Optionally, the chip may include a memory, and the memory and the processor may be connected to the memory through a circuit or a wire. Further optionally, the chip further comprises a communication interface, and the processor is connected to the communication interface. The communication interface is used for receiving data and/or information needing to be processed, the processor acquires the data and/or information from the communication interface, processes the data and/or information, and outputs a processing result through the communication interface. The communication interface may be an input output interface.
In some implementations, some of the one or more processors may also implement some of the steps of the above method by means of dedicated hardware, for example, a process involving a neural network model may be implemented by a dedicated neural network processor or a graphics processor.
The method provided by the embodiment of the application can be realized by one chip or by cooperation of a plurality of chips.
Embodiments of the present application also provide a computer storage medium for storing computer software instructions for the computer device, which includes a program designed for executing the computer device.
The computer device may be an obstacle detection apparatus as described in the foregoing fig. 16.
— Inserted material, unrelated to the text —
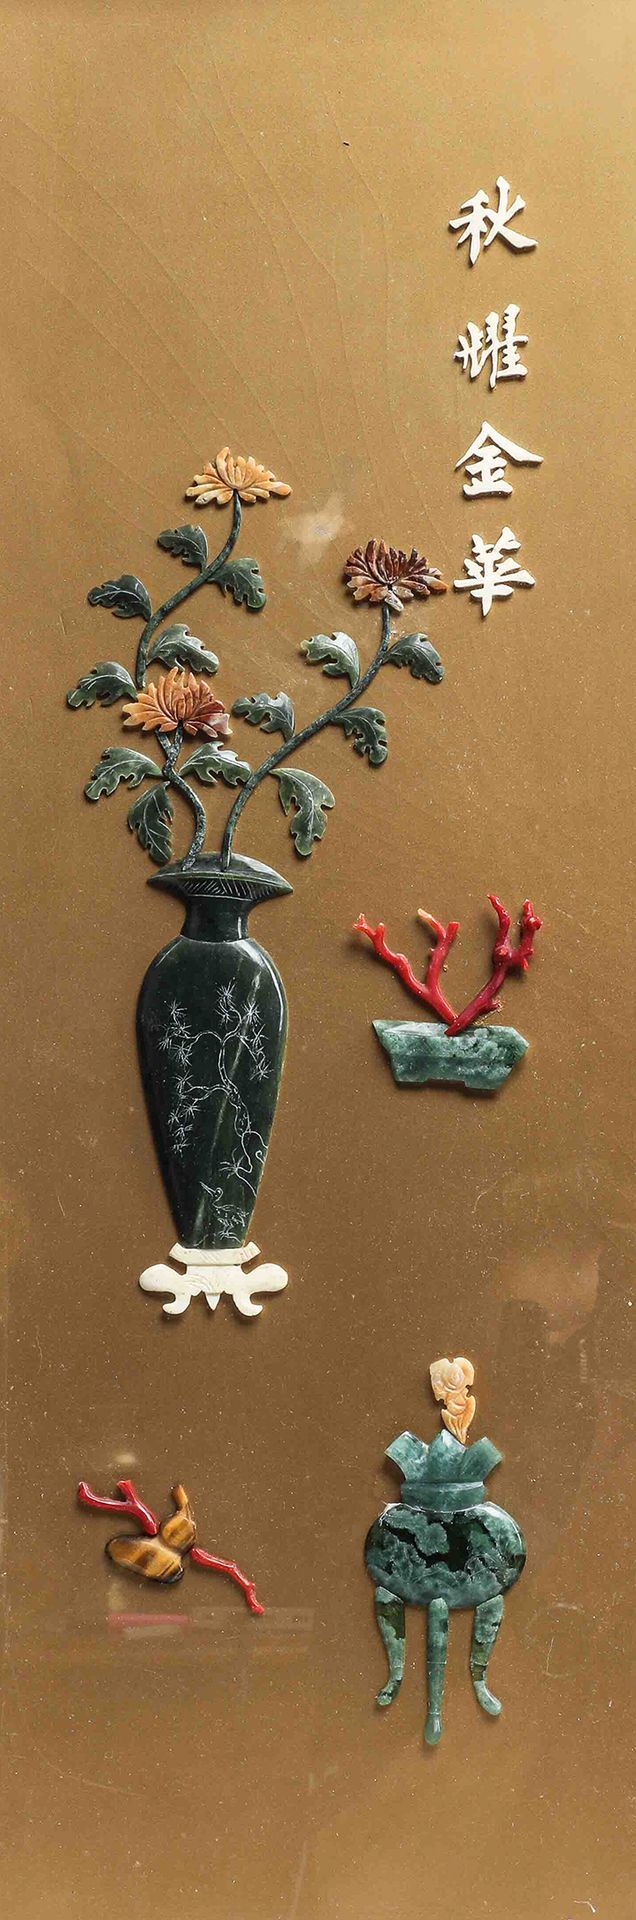 Null 
画有硬石和珊瑚花瓶的雕刻装饰。

中国 20世纪

H.77厘米，长31.5厘米

The embodiment of the present application further provides a computer program product, which includes computer software instructions that can be loaded by a processor to implement the flow in the method shown in the foregoing embodiments.
The embodiment of the application also provides a vehicle, which comprises the obstacle detection device as described in the foregoing fig. 16.
It is clear to those skilled in the art that, for convenience and brevity of description, the specific working processes of the above-described systems, apparatuses and units may refer to the corresponding processes in the foregoing method embodiments, and are not described herein again.